# Venison Smell



## suitcase_sally (Mar 20, 2006)

DH and I have been together for 20 years and aside from that nasty cedar-swamp deer he got our first year together, his annual harvest has been superb. This year, however, he shoulder- shot one in late evening and had to go find it the next morning. He said it had a hanging hoof from some entrapment with some sort of twine, aside from the shoulder shot.

My question is - he harvested the heart, liver and tenderloins for me to bring home the day he found it and is hanging the rest on the buck pole. When I opened the bags to clean and wrap for freezing, I noticed the smell was "different". I can only describe it as a mix of cigarette smoke and urine. I know that sounds weird.

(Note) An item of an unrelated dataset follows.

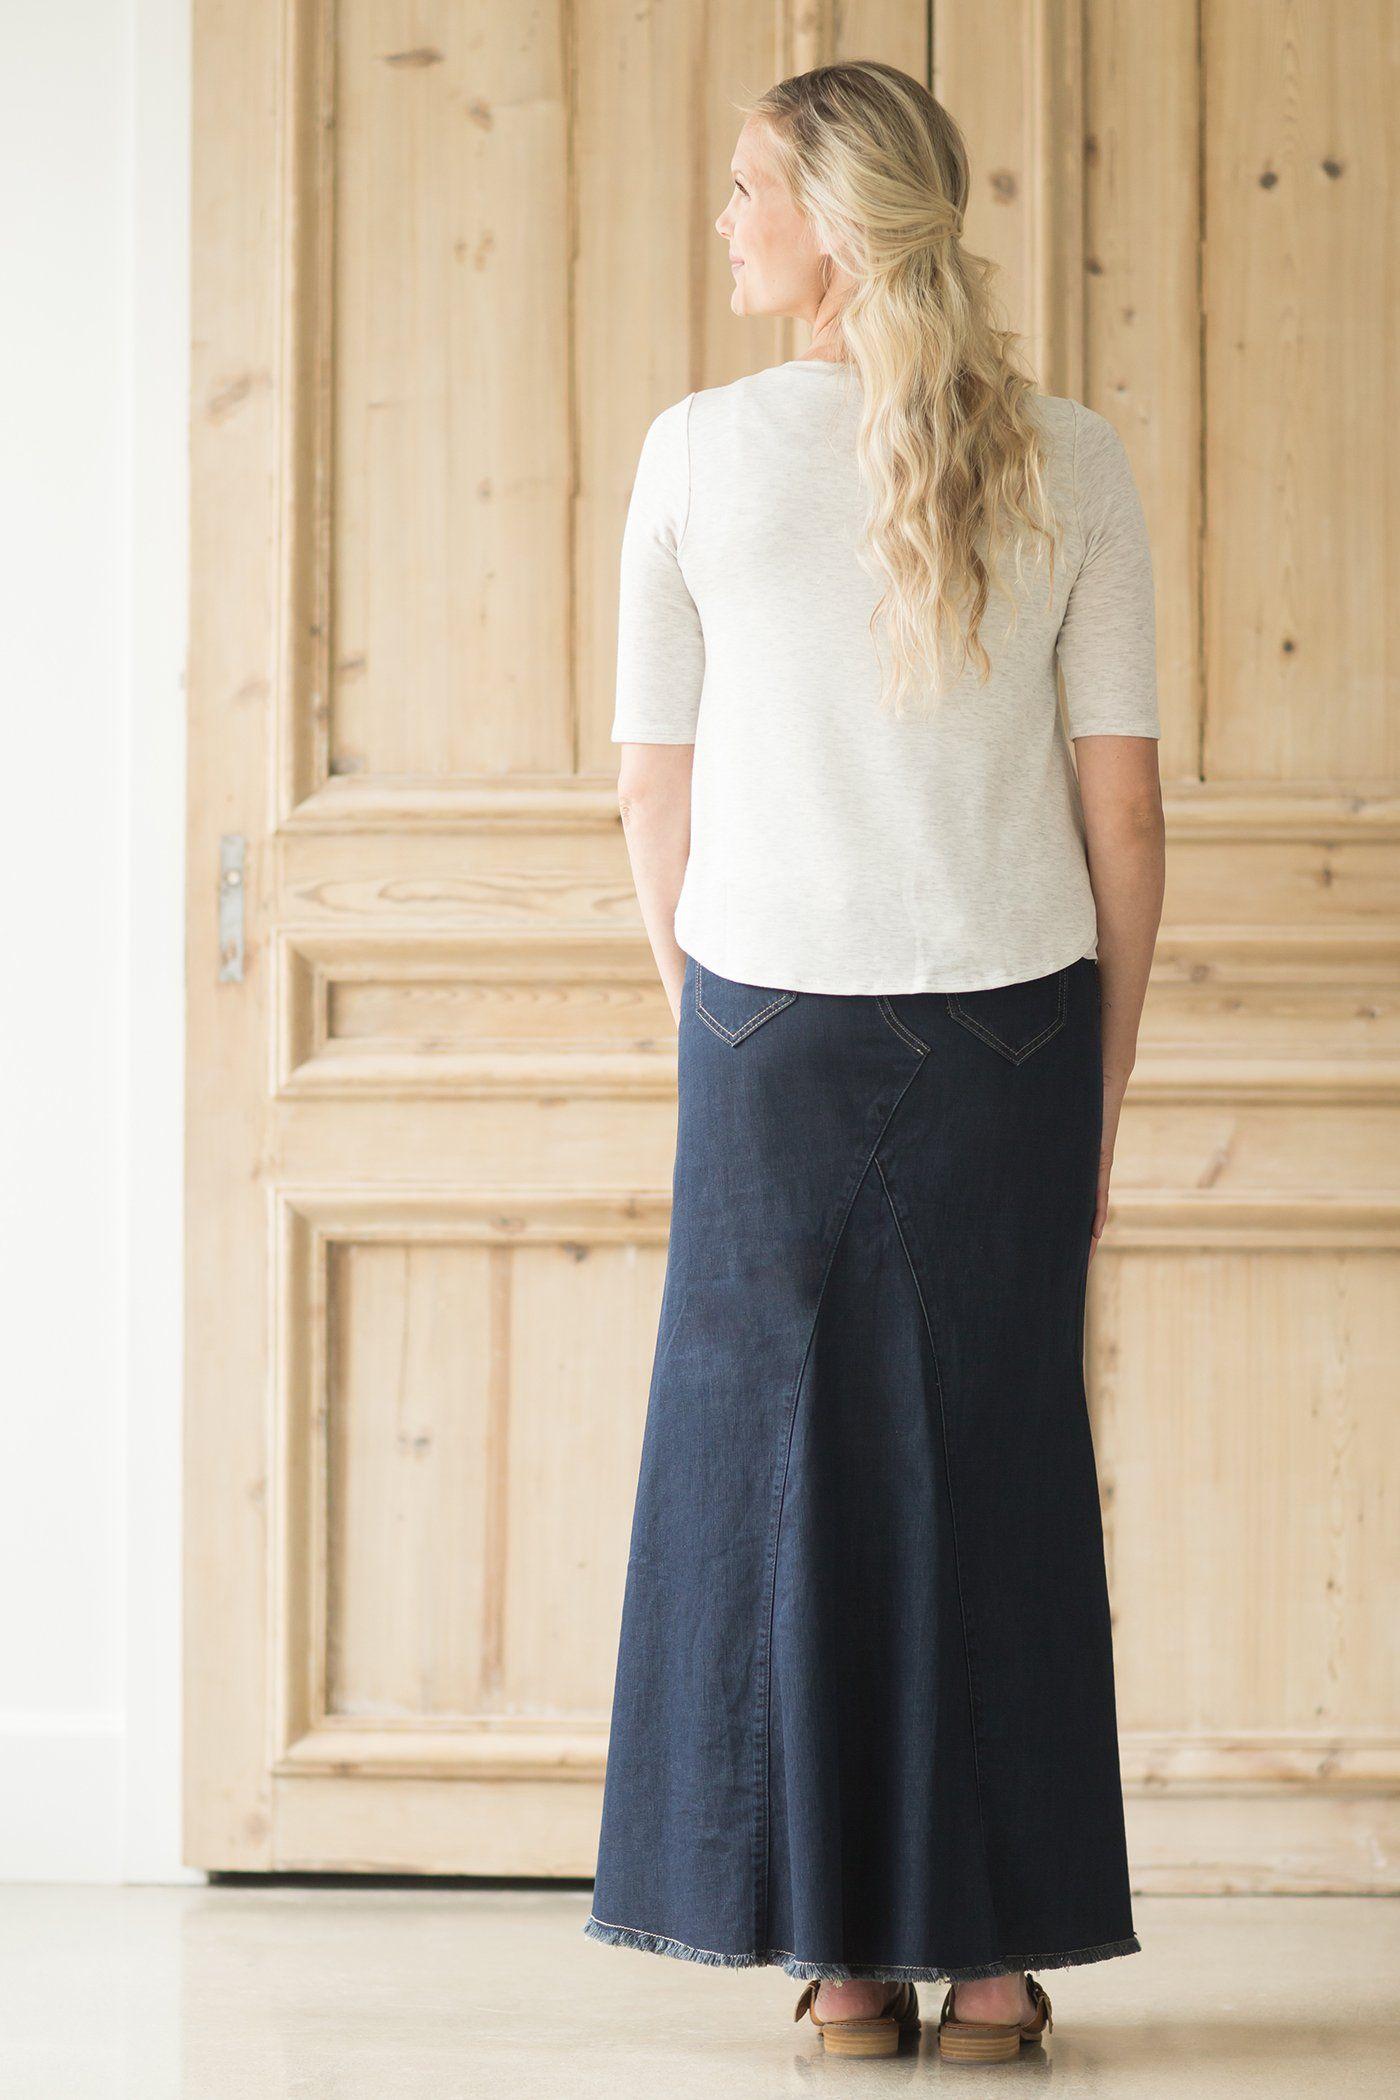 a60b9949ffc37 Maternity Skirts Long – DACC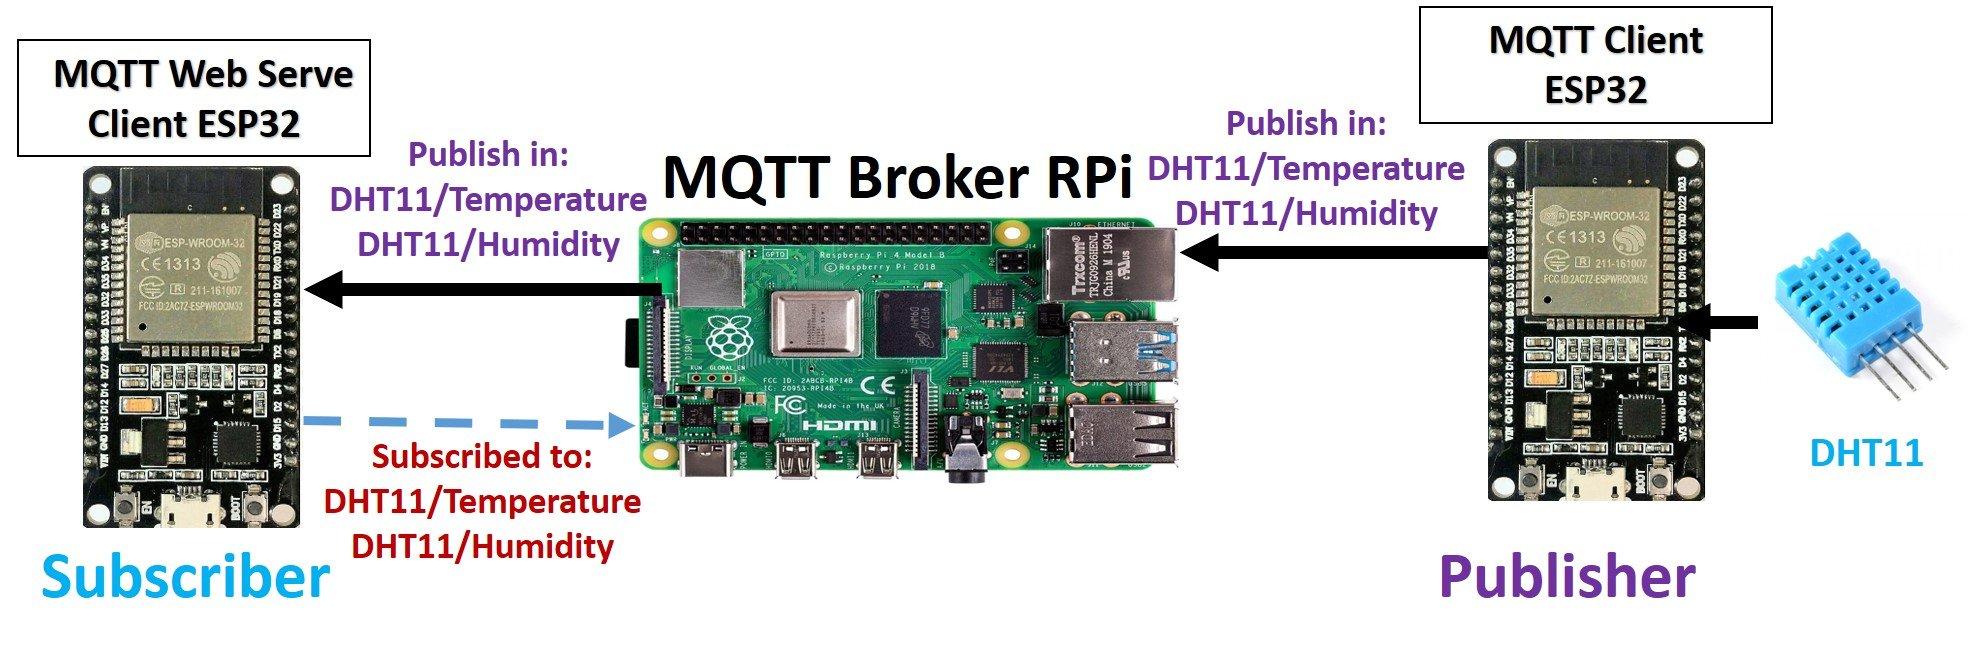 MQTT Publisher Subscriber ESP32 with raspberry pi broker 2

Can anyone tell me if this critter is ok?


----------



## Oldcountryboy (Feb 23, 2008)

If in doubt, throw it out! 

Have you soaked it in water and still smell bad? Blood shot meat has a bad odor also. You said he shot it in the shoulder where the heart and liver is nearby. I would say soak them in water for a while and wash and trim off all bloodshot off as much as possible. Then if it still smells bad, throw it out.


----------



## suitcase_sally (Mar 20, 2006)

I have seen blood-shot meat and this is not that. Any other suggestions? I rubbed the tenders with baking soda and left in the fridge for a couple of hours (I know, not long enough) but the smell didn't change. Yes, I soaked in water.


----------



## big rockpile (Feb 24, 2003)

I shot a Deer in the Ham didn't find it until the next day.The blood settled in that Ham.It had a Smell so I lost the Whole Ham.

Gut shot one one time didn't find it until the next day.It had a smell upon Gutting I hung it washed it out let it Hang didn't notice anymore Smell or Taste. :shrug:

big rockpile

Things happen but I've never Lost a Whole Deer.


----------



## GREENCOUNTYPETE (Jul 25, 2006)

we found a nice 8 point buck that had been gut shot last saturday we found it first thng sunday morning , we didn't shoot it , but we gutted it and registered it hoping to save some meat but when i went to cut it sunday afternoon it stunk so bad after having been gutted and washed hours earlier , somtimes thats just the way it is. we composted it.


----------



## fishhead (Jul 19, 2006)

It may have built up something in the muscle from fighting the twine. Try soaking it in several changes of salt or baking soda water and see what it smells like.


----------



## Cabin Fever (May 10, 2002)

Sorry, I can't help you. I never experienced venison that "smelled." All of our deer are field dressed within 30 minutes of being shot....many times, even less time passes....and then, processed right away. I am sure the smell is from a combination of the paunch starting to decompose and a hormone rush due to the stress of a slow death.


----------



## WstTxLady (Mar 14, 2009)

debone the deer, rinse very well then soak in some ICY water with a touch of salt for a day or 2. if after that it still smell funky, feed it to the dogs. be sure to drain any bloody water & replace with more ice.


----------



## suitcase_sally (Mar 20, 2006)

Update: Dh had hung the deer and brought it home last night and butchered it this morning. The deer had absolutely no smell other than normal vension smell. I told him about the smell from the liver and such. I had frozen it by the time he brought the rest of the deer home. You can't smell it after it's frozen. I decided when the time comes to use it, if it still smells bad, the dogs will eat heartily.


----------



## Cedar Valley (Nov 10, 2010)

The reason the organs and tenderloins smell is that these pieces were in contact with the gut cavity while the deer lay out overnight. I have had a similar experience on a couple of occasions where the deer couldn't be found until the next morning. Being stubborn I even cooked and ate the tenderloins from one that was like that and they tasted like they smelled. If it was good and cool out you should have no problems with the rest of that meat.


----------